Make an exact copy of the records, with the images left out.

Information provided section start

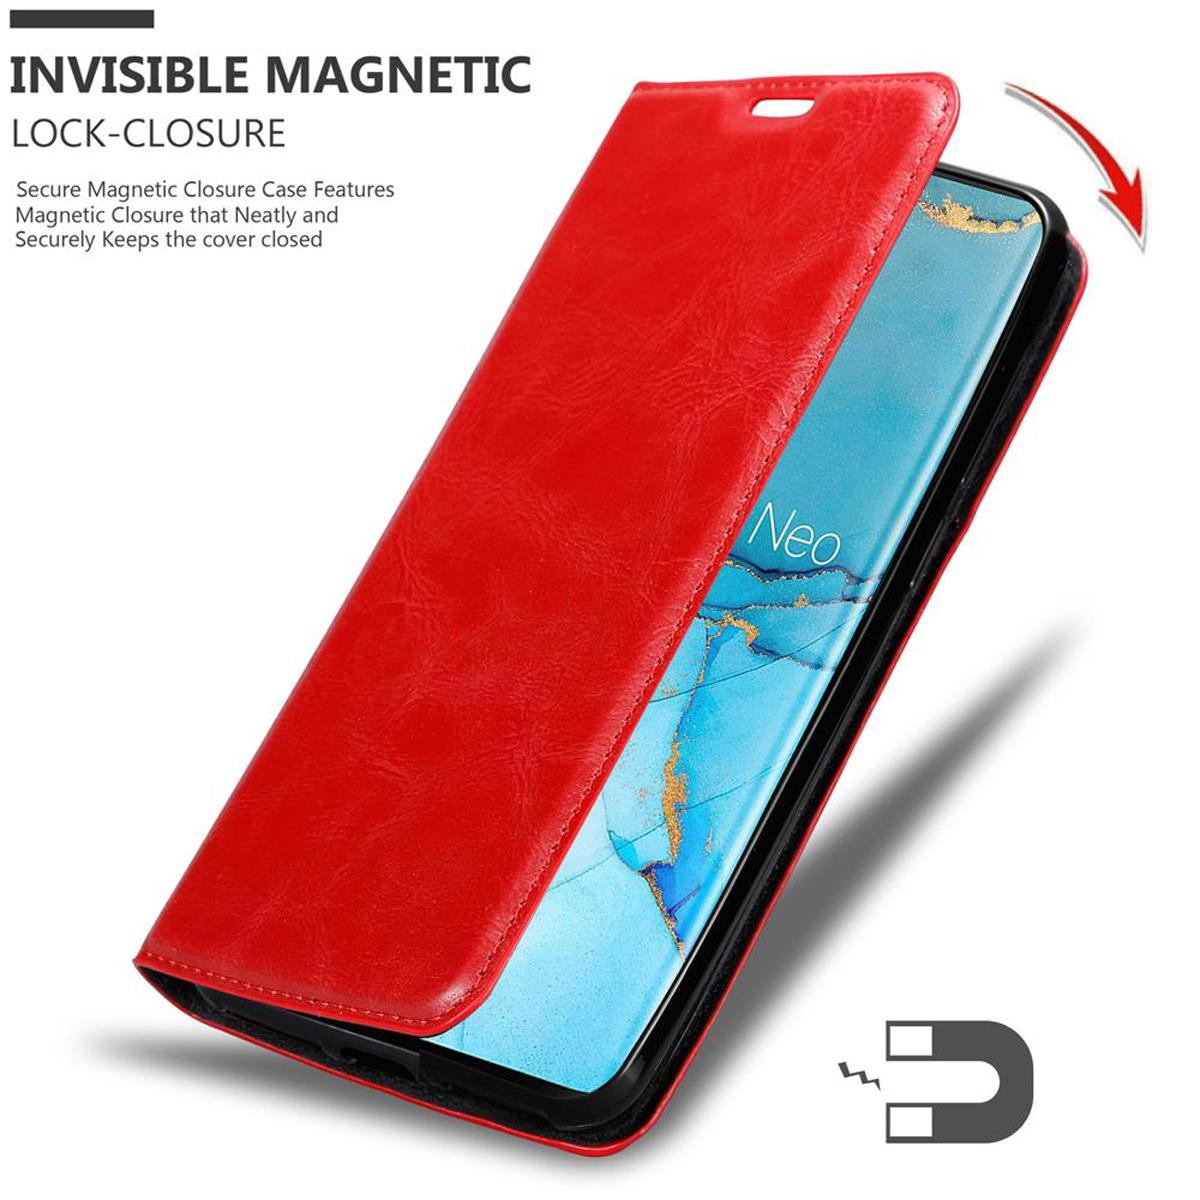 Book Bookcover, Magnet, Hülle PRO, Invisible CADORABO APFEL X2 ROT FIND Oppo,
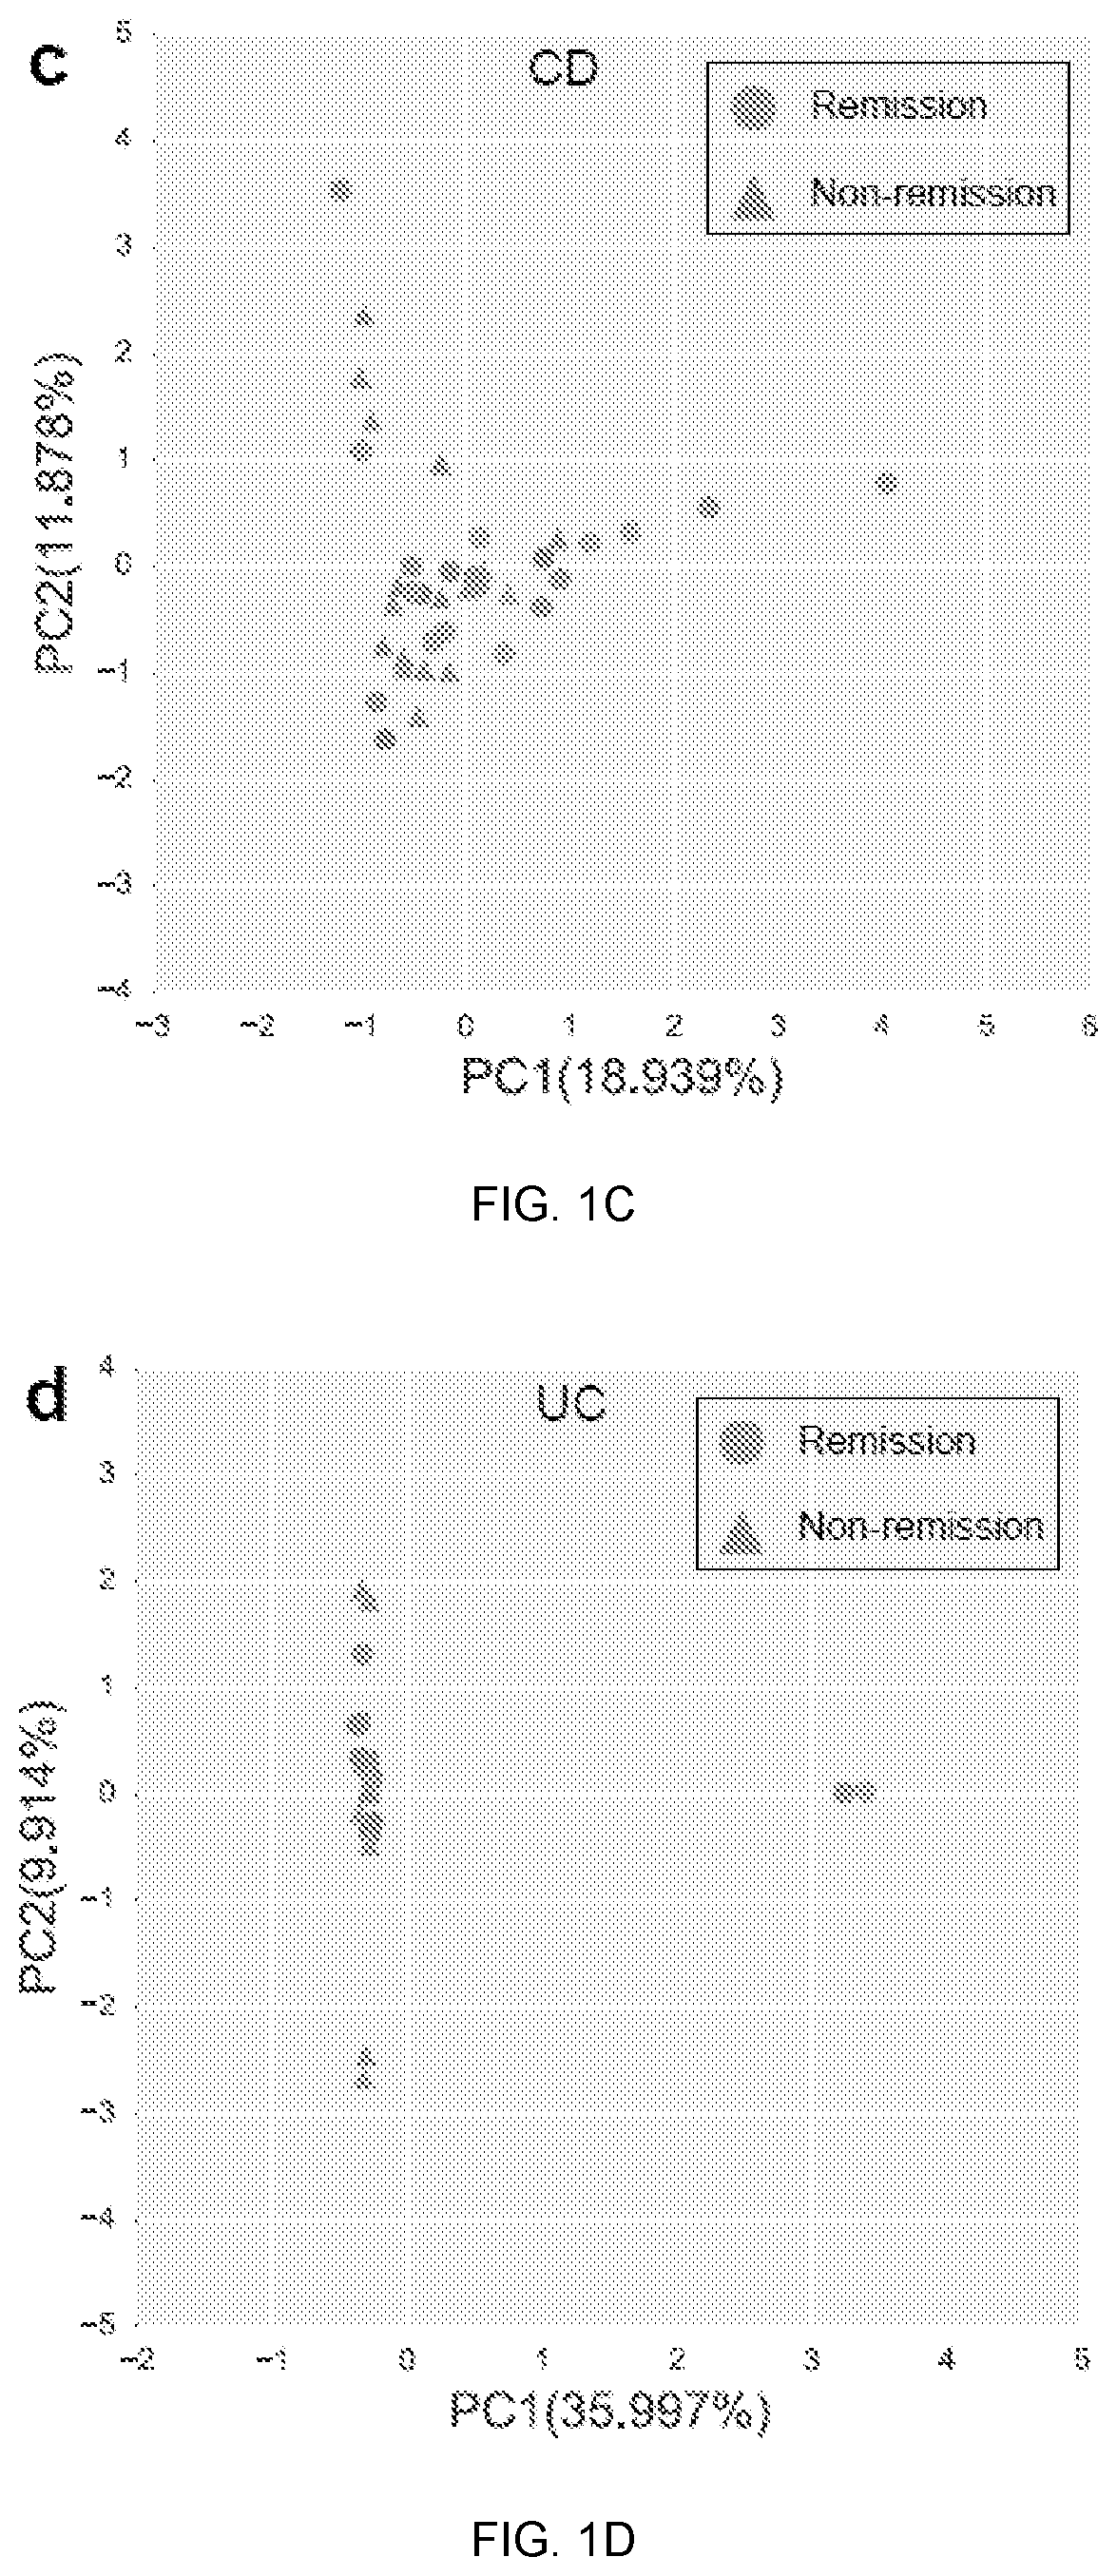 Gut microbiome function predicts response to Anti-integrin biologic therapy in inflammatory bowel diseases
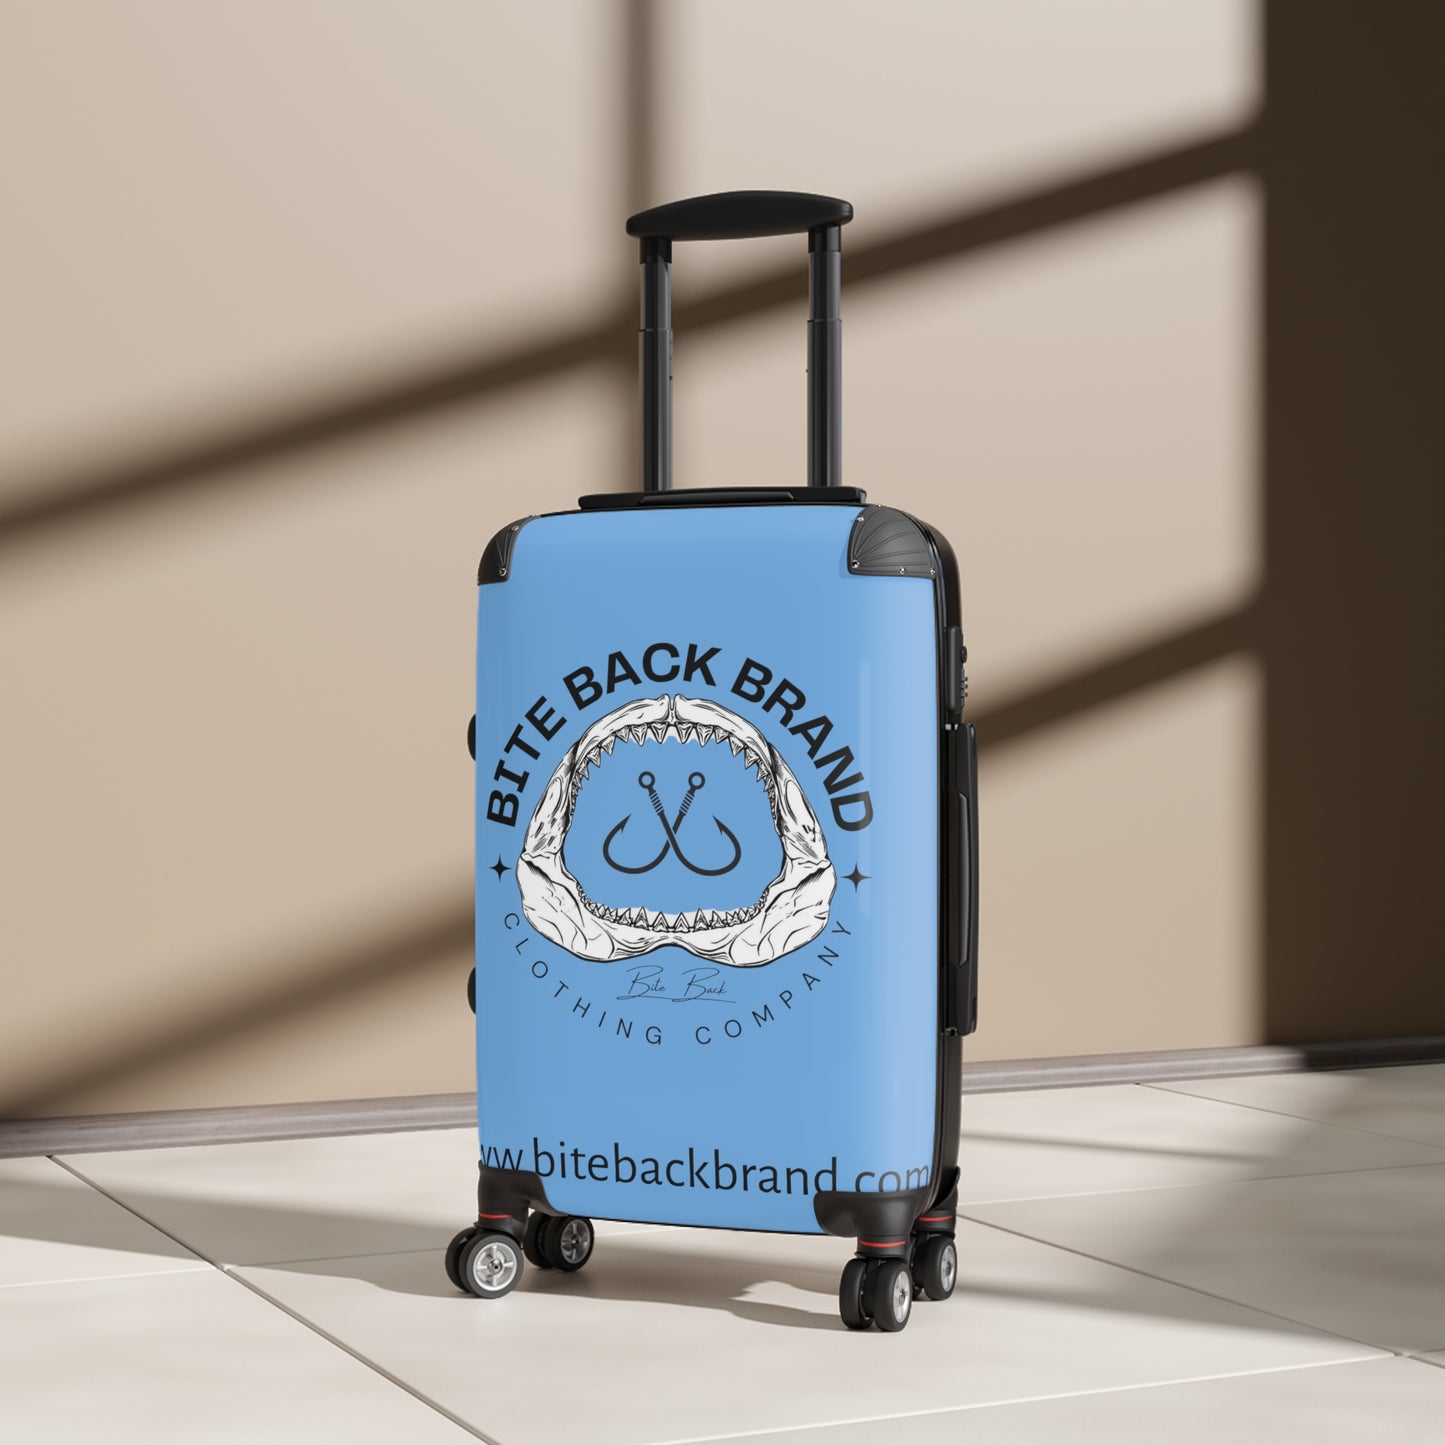 The International Luggage Collection
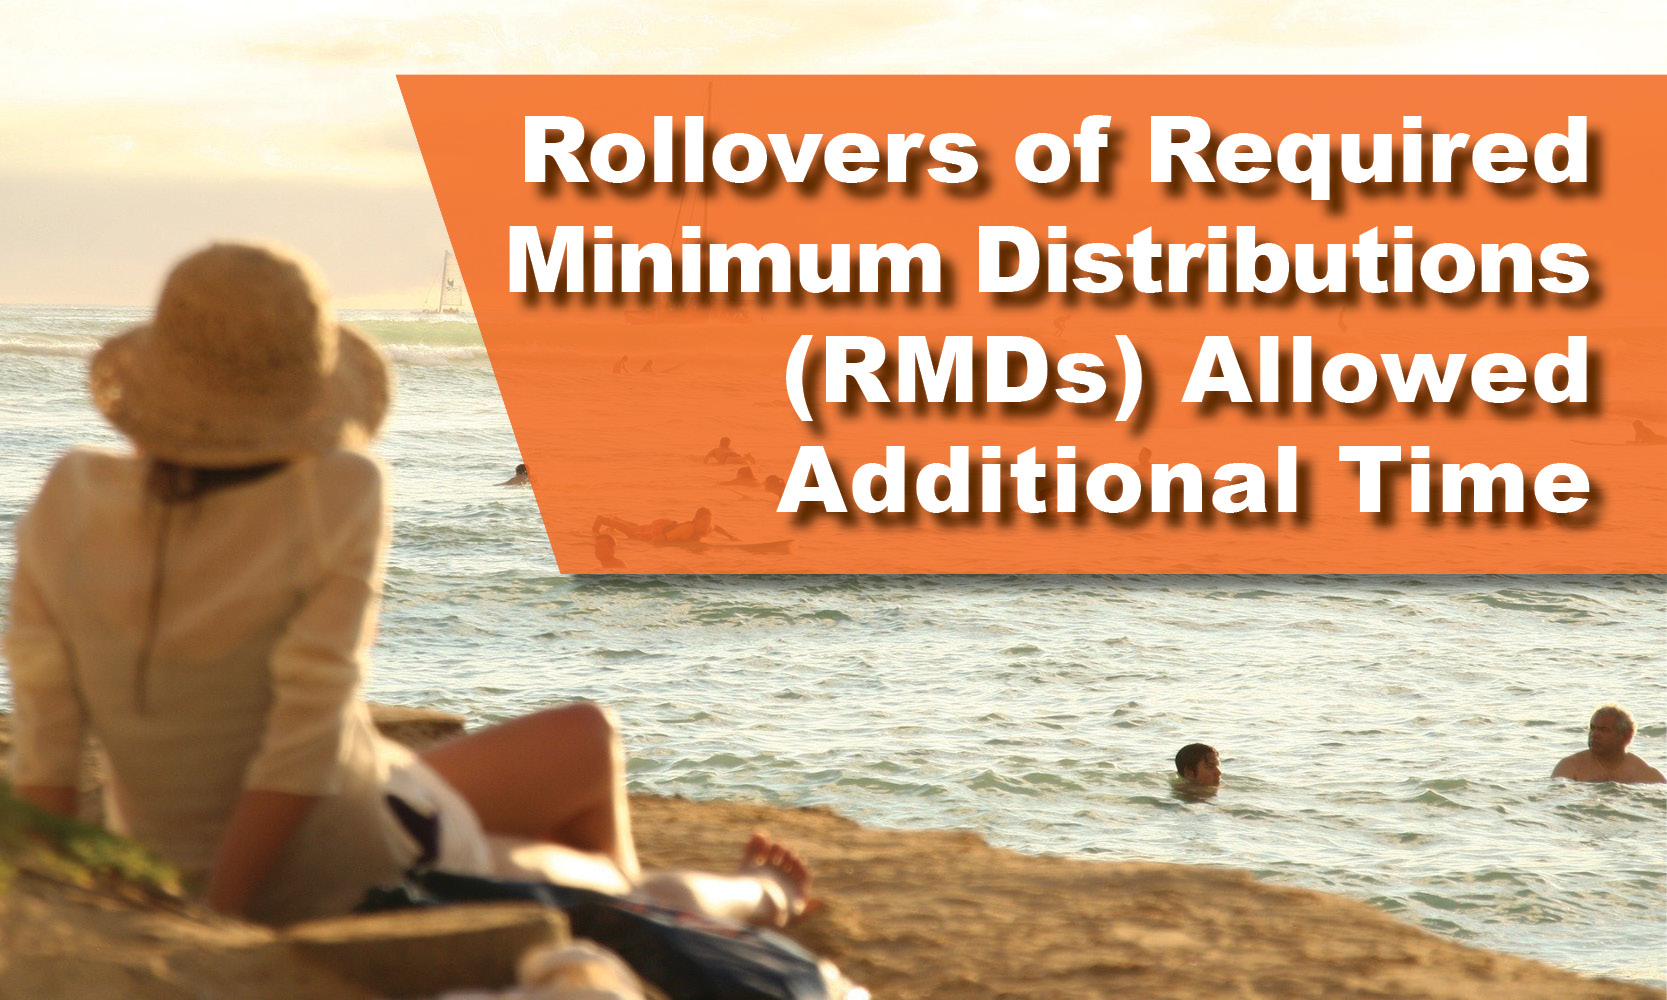 Rollovers of Required Minimum Distributions (RMDs) Allowed Additional Time
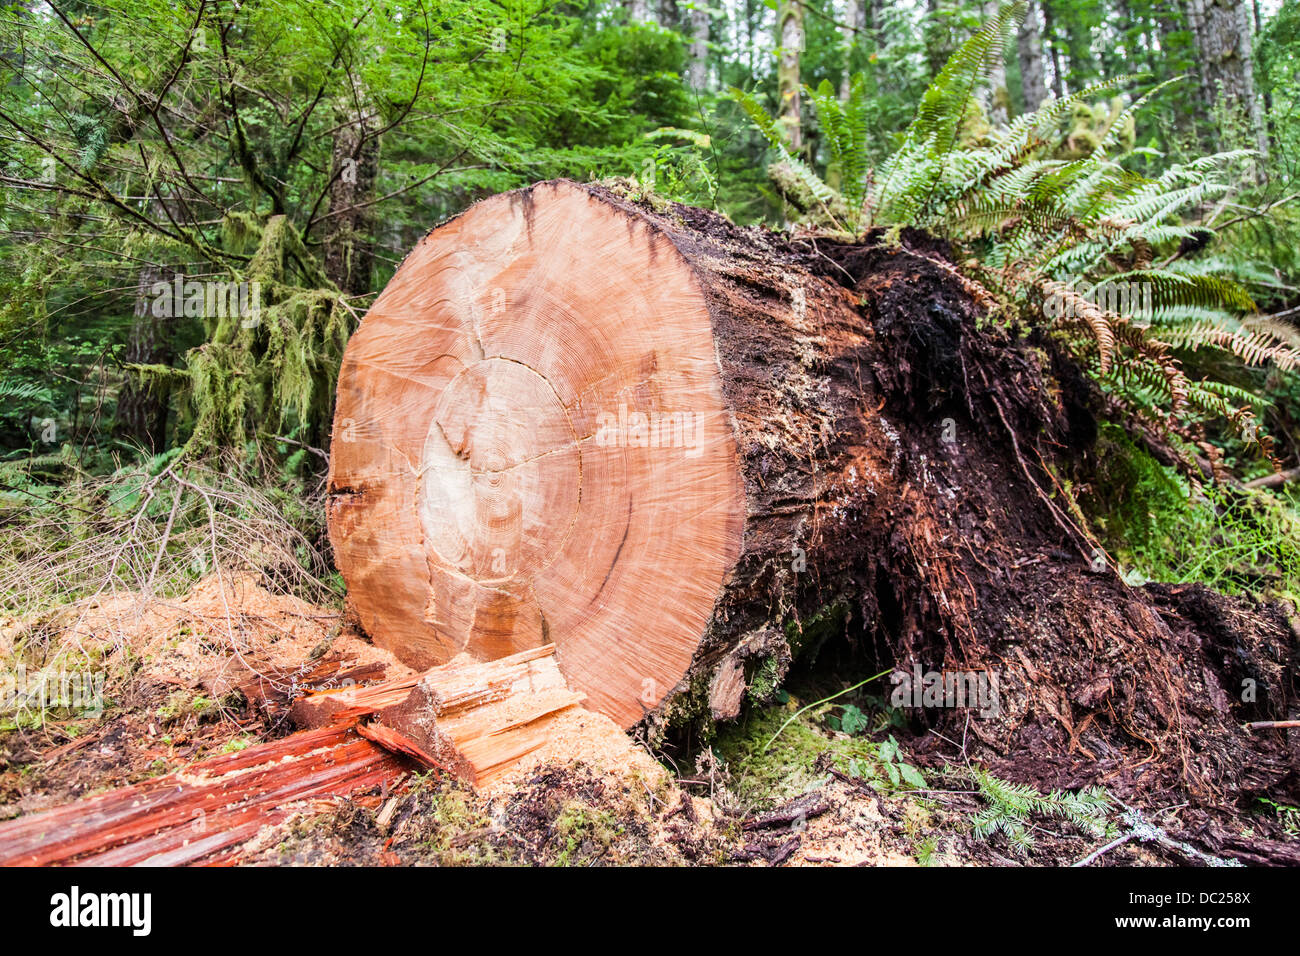 Old growth fir tree several hundred years old uncovered in the forest and cut open. Stock Photo

Information provided section end

Reply:
 Book Bookcover, Magnet, Hülle PRO, Invisible CADORABO APFEL X2 ROT FIND Oppo,
 Gut microbiome function predicts response to Anti-integrin biologic therapy in inflammatory bowel diseases
 The International Luggage Collection
 Rollovers of Required Minimum Distributions (RMDs) Allowed Additional Time
 Old growth fir tree several hundred years old uncovered in the forest and cut open. Stock Photo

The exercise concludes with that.